Il possède toutes les qualités que j’attends d’un ouvrage : une histoire passionnante ou émouvante, ou les deux à la fois, et une belle écriture. Il raconte à deux voix le génocide rwandais. Nous sommes en 1994. Rose, une jeune Tutsi, muette, écrit à son mari médecin, souvent absent, pour lui raconter ses journées aux côtés de leur fils, tout petit. Le père de rose était le cuisinier de l’ambassade de France à Kigali et il a été assassiné. Sa maman a repris le flambeau. Et puis il y a Sacha, journaliste française venue couvrir l’après-apartheid en Afrique du Sud et qui va se retrouver au Rwanda avec Benjamin, son photographe attitré, à la lueur d’une intuition et de la découverte de camions remplis de machettes.
Yoan Smajda a magnifiquement lié la mort et l’amour. Aussi documenté soit le récit, aussi précis soit-il dans les témoignages de combats, les horreurs, les exactions, il s’agit bien d’un roman dans lequel l’amitié et l’amour sont présents. Deux voix, deux écritures parallèles et si différentes, qui, c’est la magie de la littérature, finissent par se rencontrer : la précision de la journaliste, la poésie de cette femme muette dont seuls les mots couchés sur le papier réussissent à formuler l’indicible. L’auteur parvient aussi à dire que le deuil est possible, que l’avant entraîne un après et que l’espoir d’une vie meilleure s’avère souvent. La fin, sans être mièvre est, en effet, comme un baume sur les blessures, un baume aussi onctueux que le beurre d’Echiré, le meilleur entre tous, servi à l’Ambassade de France à Kigali. Il ne faut pas oublier que dans ce livre il est aussi beaucoup question de cuisine.
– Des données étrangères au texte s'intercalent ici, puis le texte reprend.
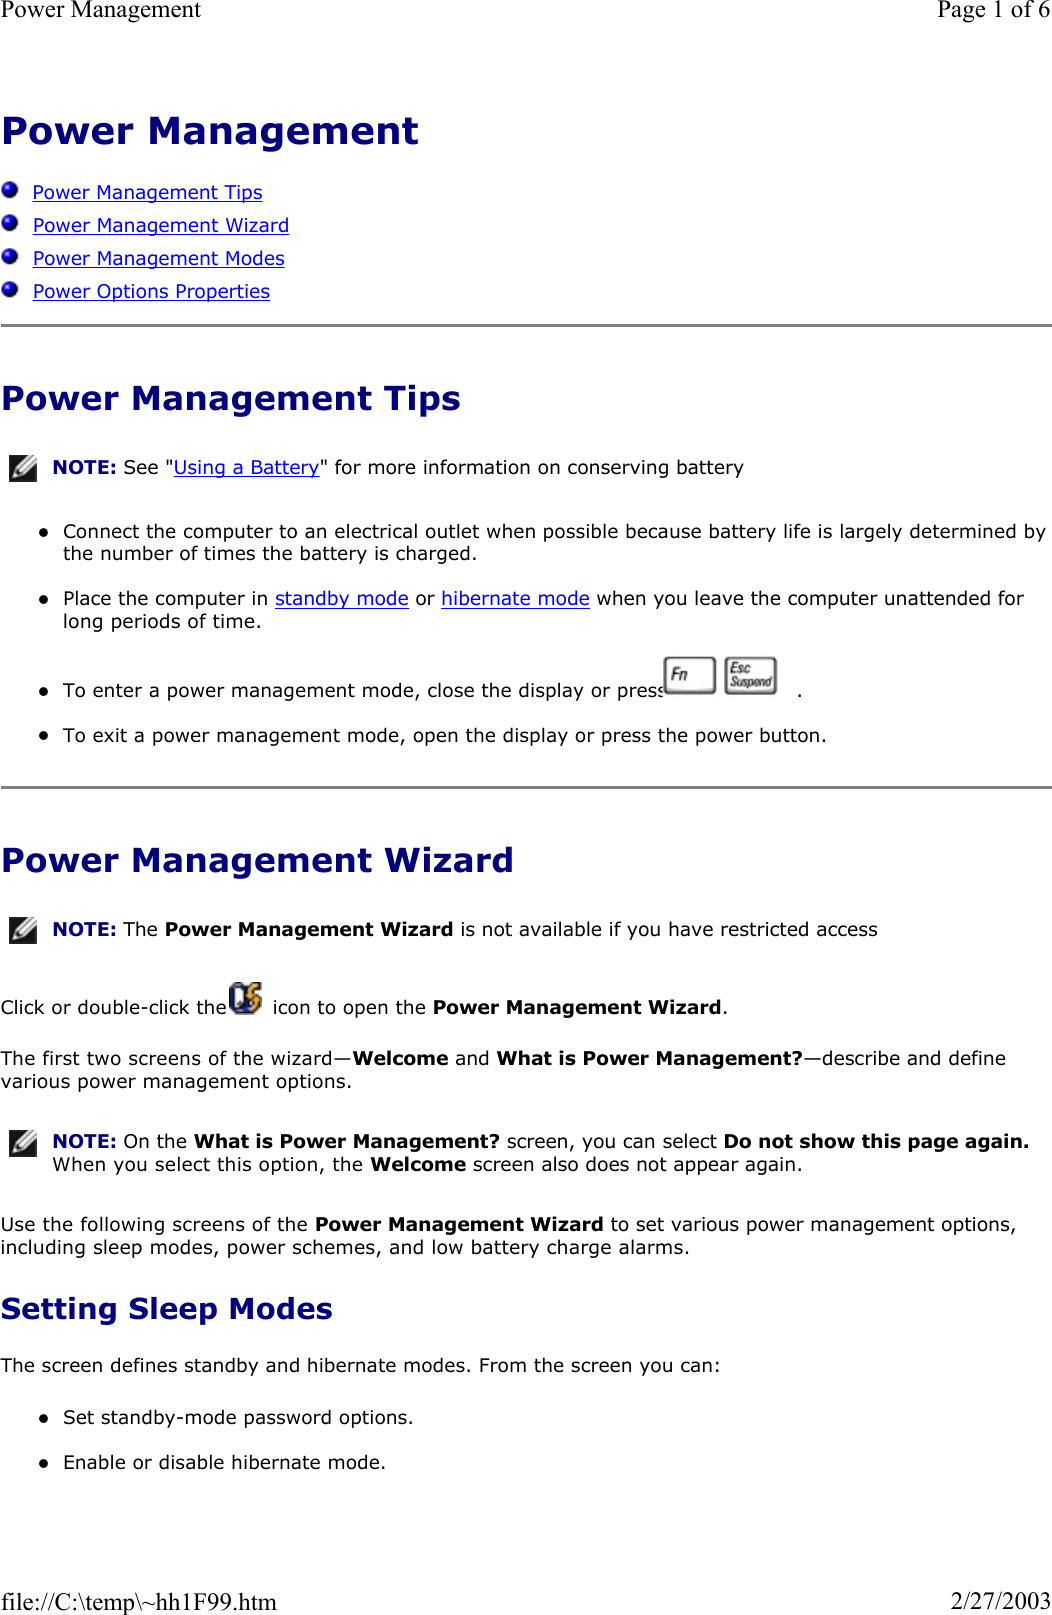 Power Management  Power Management TipsPower Management WizardPower Management ModesPower Options PropertiesPower Management Tips zConnect the computer to an electrical outlet when possible because battery life is largely determined bythe number of times the battery is charged. zPlace the computer in standby mode or hibernate mode when you leave the computer unattended for long periods of time. zTo enter a power management mode, close the display or press     . zTo exit a power management mode, open the display or press the power button. Power Management Wizard Click or double-click the   icon to open the Power Management Wizard.The first two screens of the wizard—Welcome and What is Power Management?—describe and define various power management options. Use the following screens of the Power Management Wizard to set various power management options, including sleep modes, power schemes, and low battery charge alarms. Setting Sleep Modes The screen defines standby and hibernate modes. From the screen you can: zSet standby-mode password options. zEnable or disable hibernate mode. NOTE: See &quot;Using a Battery&quot; for more information on conserving battery NOTE: The Power Management Wizard is not available if you have restricted access NOTE: On the What is Power Management? screen, you can select Do not show this page again.When you select this option, the Welcome screen also does not appear again.Page 1 of 6Power Management2/27/2003file://C:\temp\~hh1F99.htm
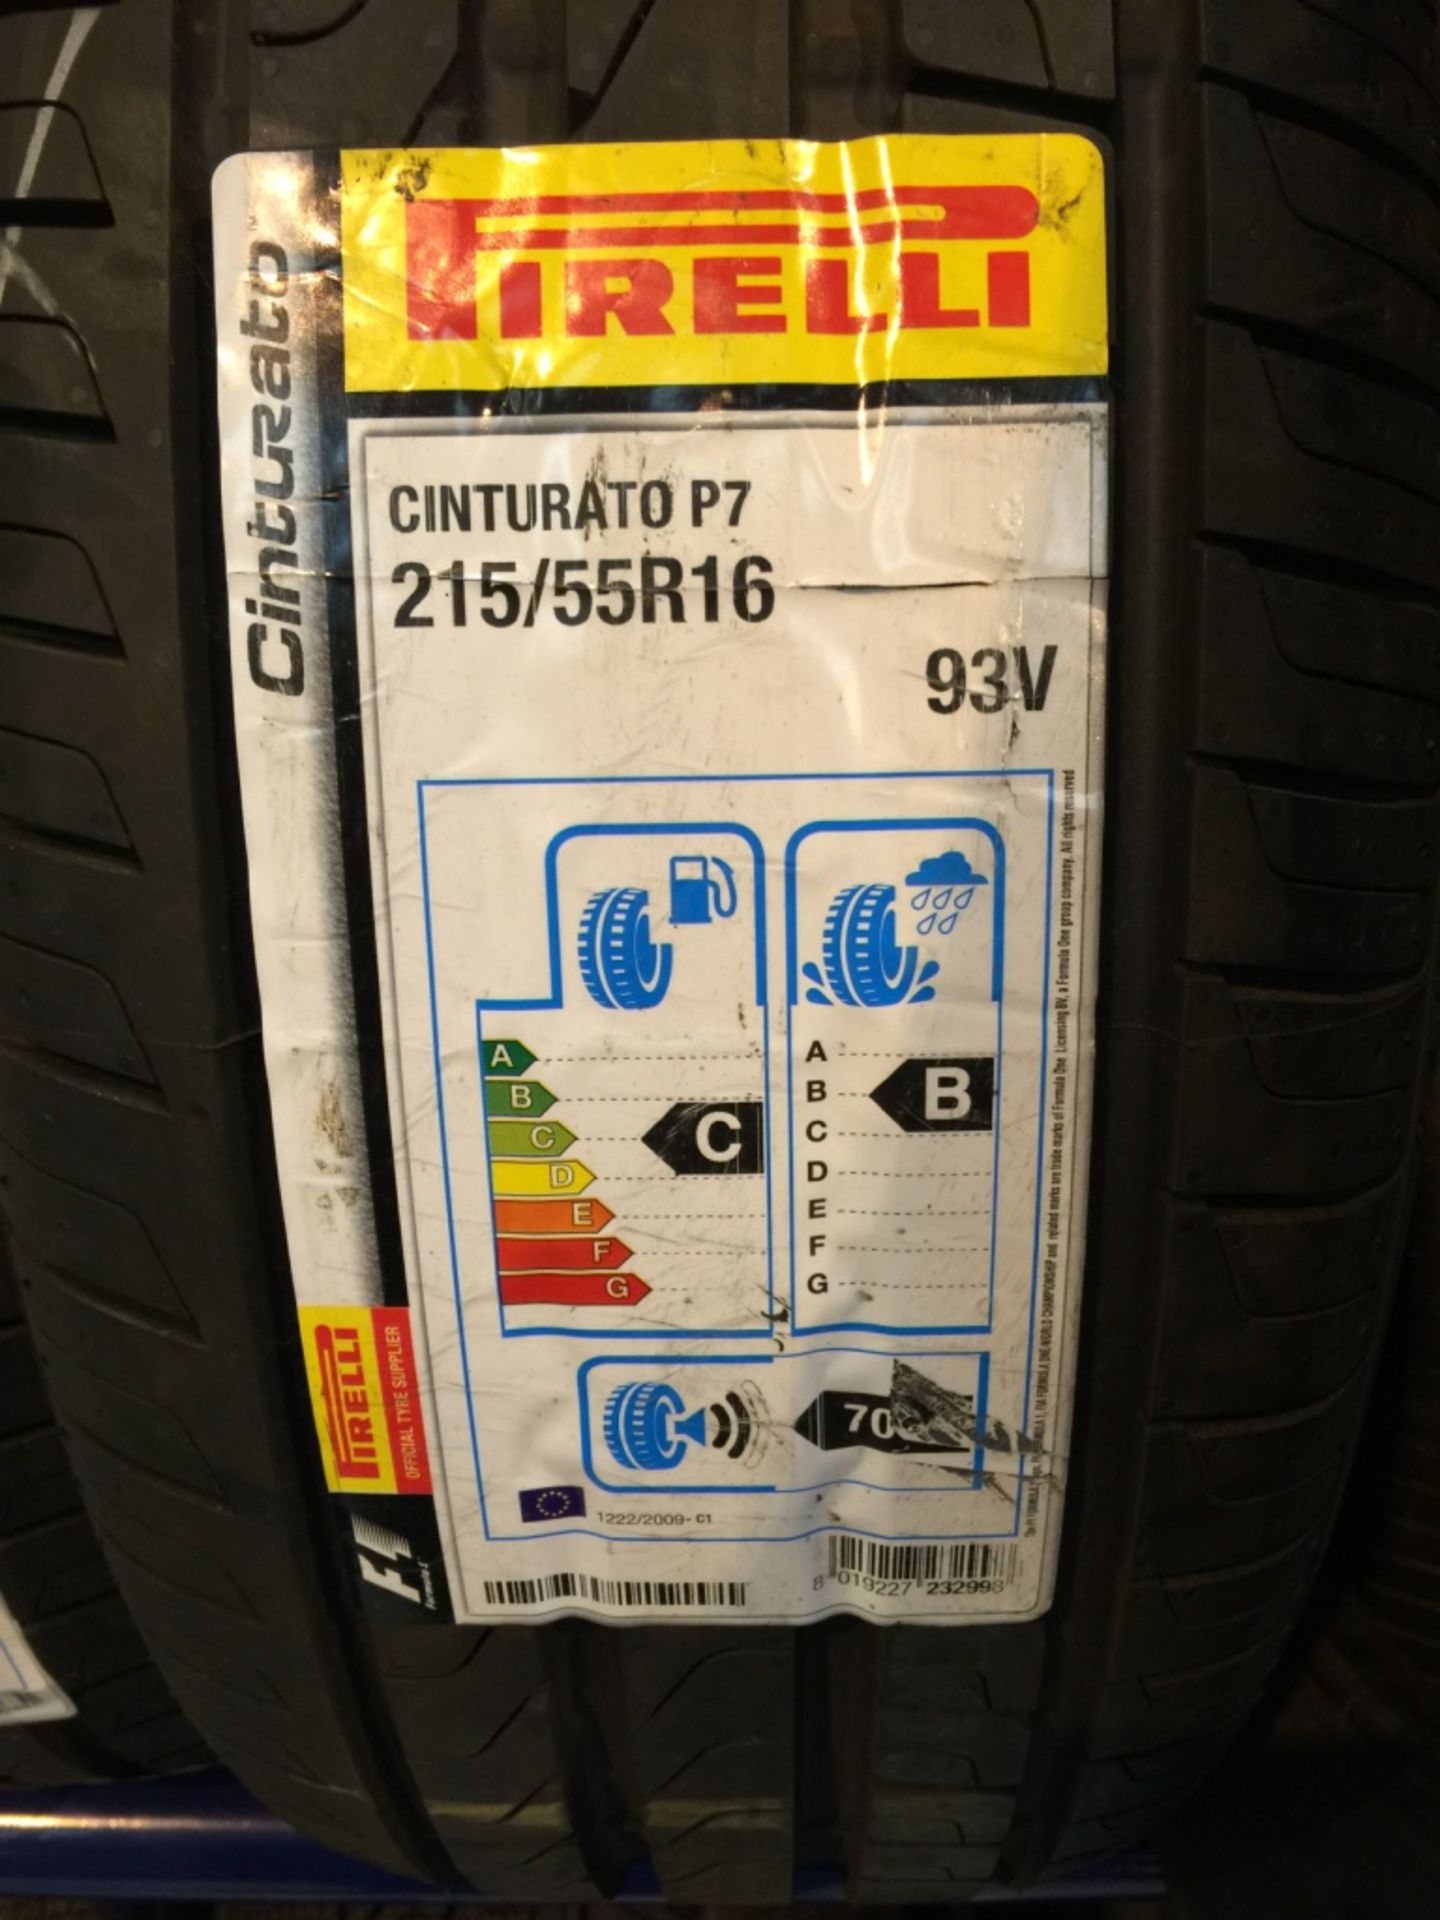 54: Pirelli Tyres Car & 4X4 - Many Large Sizes to include 18,19,21" Please see further Pictures ( - Image 31 of 55

« J’ai cru qu’ils enlevaient toute trace de toi » est un roman percutant, de ces récits dont l’écho se prolonge au-delà des pages, se fiche en soi et résonne longtemps.
Editeur : Belfond
Date de Parution : 4 Avril 2019
nombre de pages : 288
Ce livre a été lu dans le cadre de la sélection de l’association « Les 68 Premières Fois » – Rentrée littéraire 2019.